Bertha died at the state hospital on May 5, 1939. She was 59 years old. According to her obituary in the Lincoln Journal Star: “ When arrested she would readily admit what she had done, and would gloat over men being easy marks. At the hospital it was reported that she had been a very difficult patient, and had caused the authorities much trouble.”

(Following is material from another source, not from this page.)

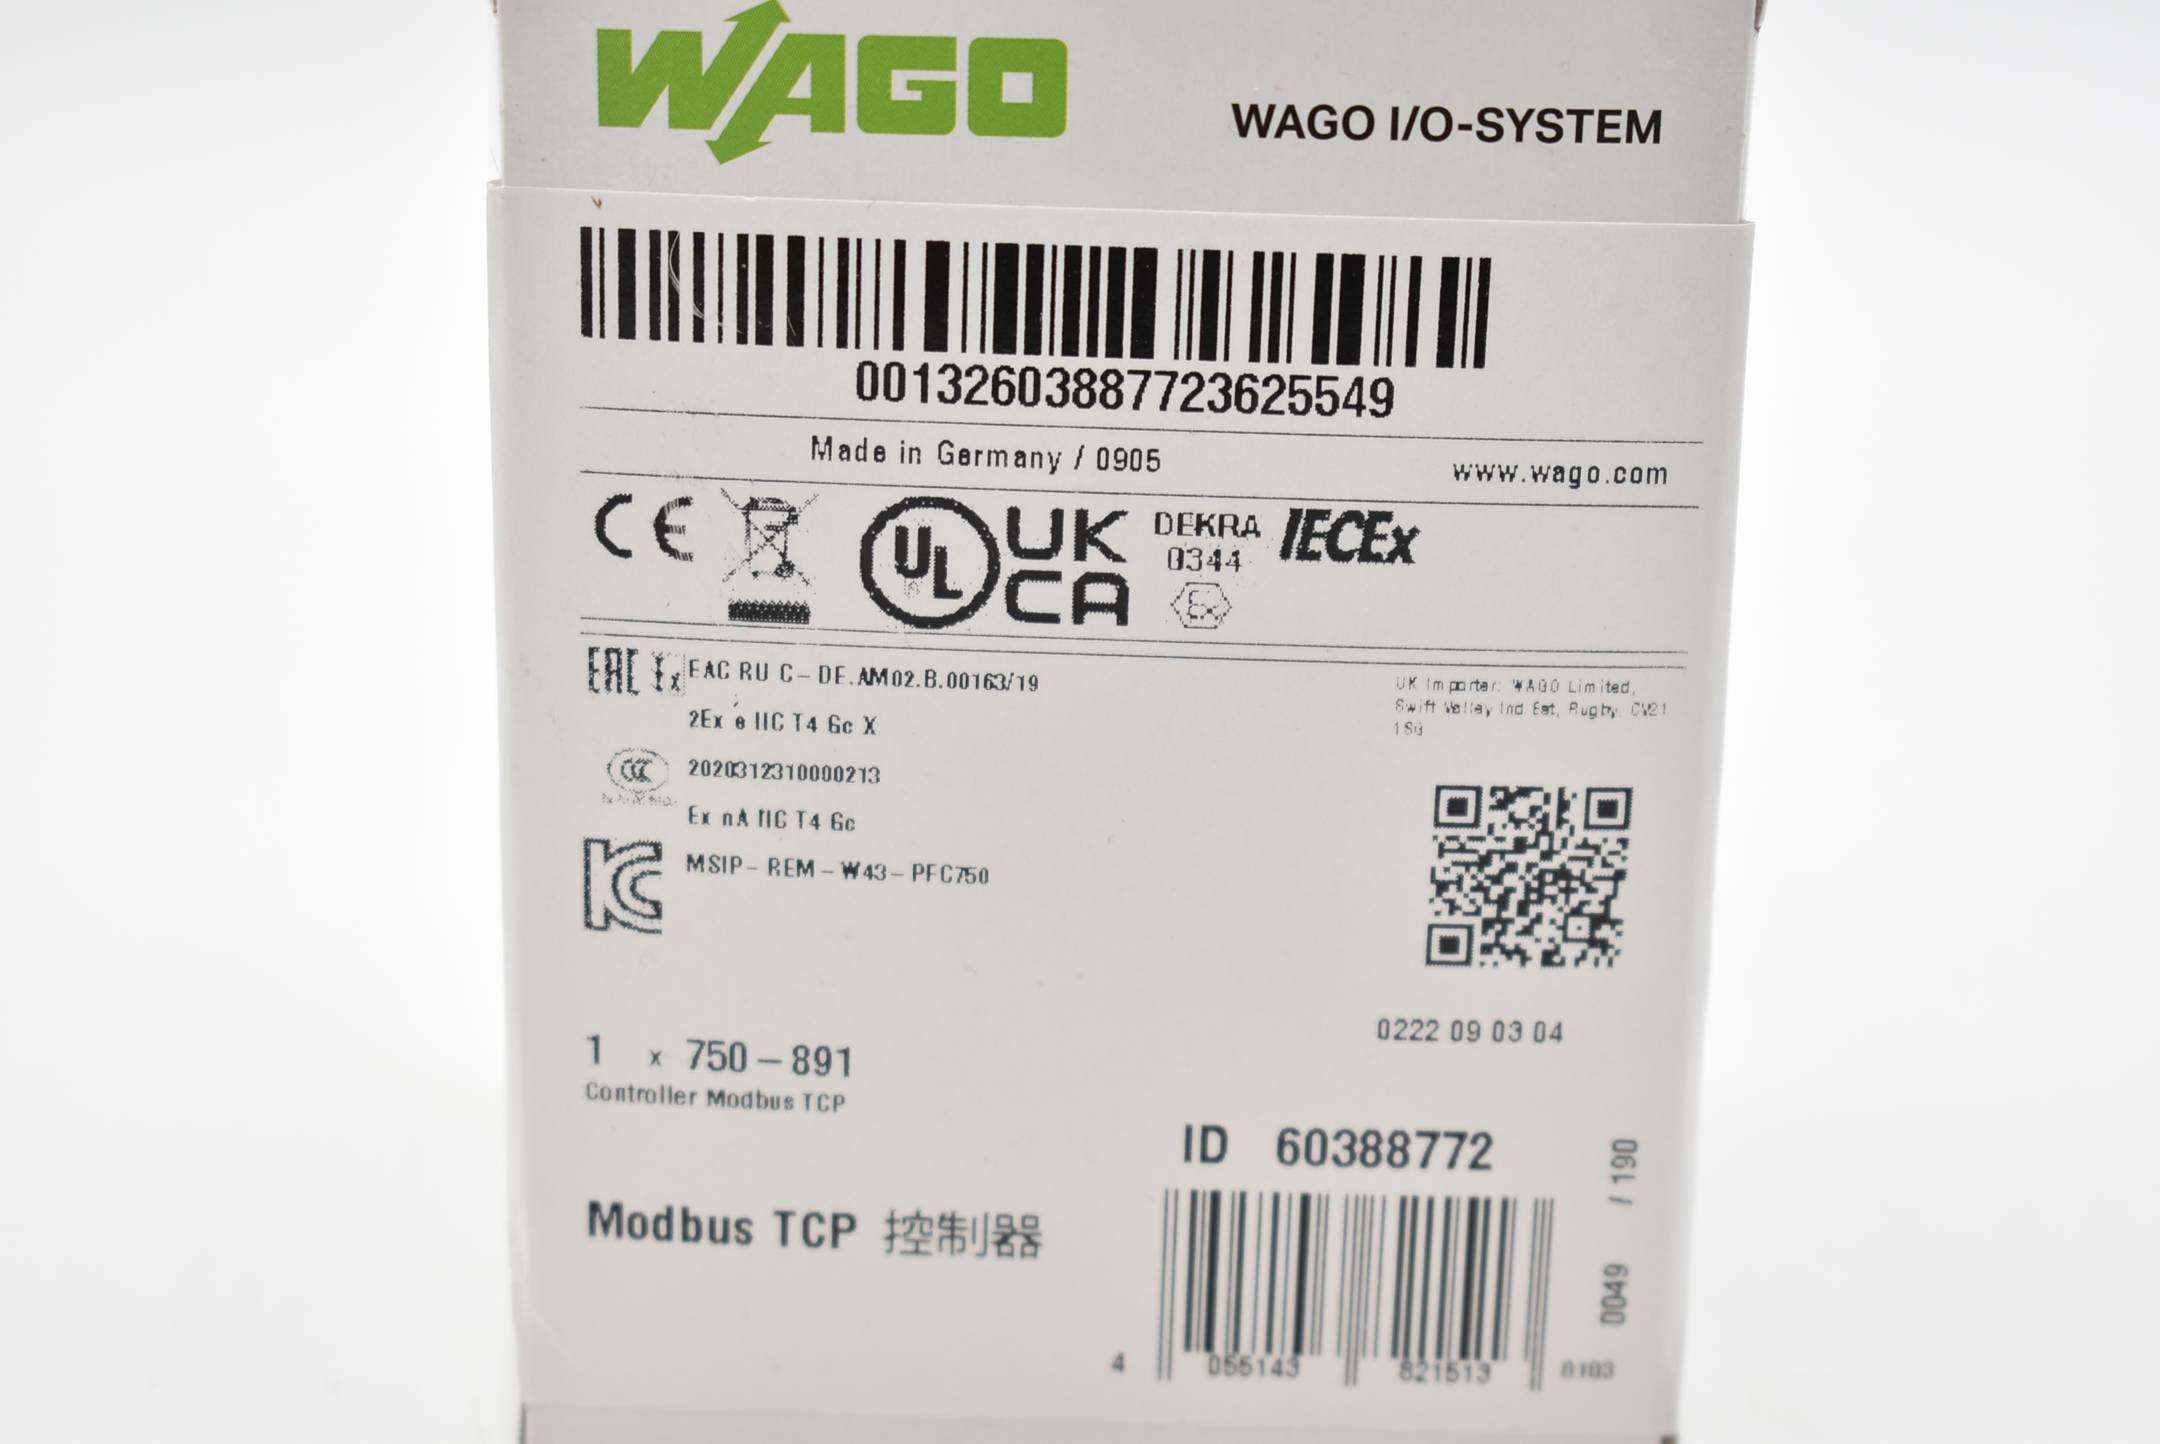 Wago I/O-System Controller Modbus TCP 750-891

16 thoughts on “Fainting Bertha

    1. The 19th and 20th centuries were awful times to suffer from mental illness, particularly if it led you to commit crimes. It’s true that the church tried to help her, but they gave up, as did most others. Must have been terrible for her and her family. Thanks for reading and posting, Brad.

      Liked by 4 people

    1. But worse then due to lack of understanding and treatment for mental illness. I can’t imagine how frightening it must have been in those days to suffer from serious mental illness. As usual, thanks for reading and commenting, Jim!

      Liked by 1 person

  1. As you note, there were many periods in history when suffering from serious mental illness could trap one in a vicious cycle of horrid institutions and lack of support on the outside. Maybe if the church’s intervention had come earlier in her life, more could have been done for Bertha. But possibly only modern medications could have saved her from that life.

    Liked by 1 person

  2. From the January 7, 1919 Des Moines Tribune “Fainting Bertha” Frisks Marshal. Evidently on the train ride back to the hospital, Bertha managed to pick Marshal Raymond Havelock’s pocket, removing the jail key from his key ring and putting the rest back without the lawman noticing. That takes some serious skill and dexterity!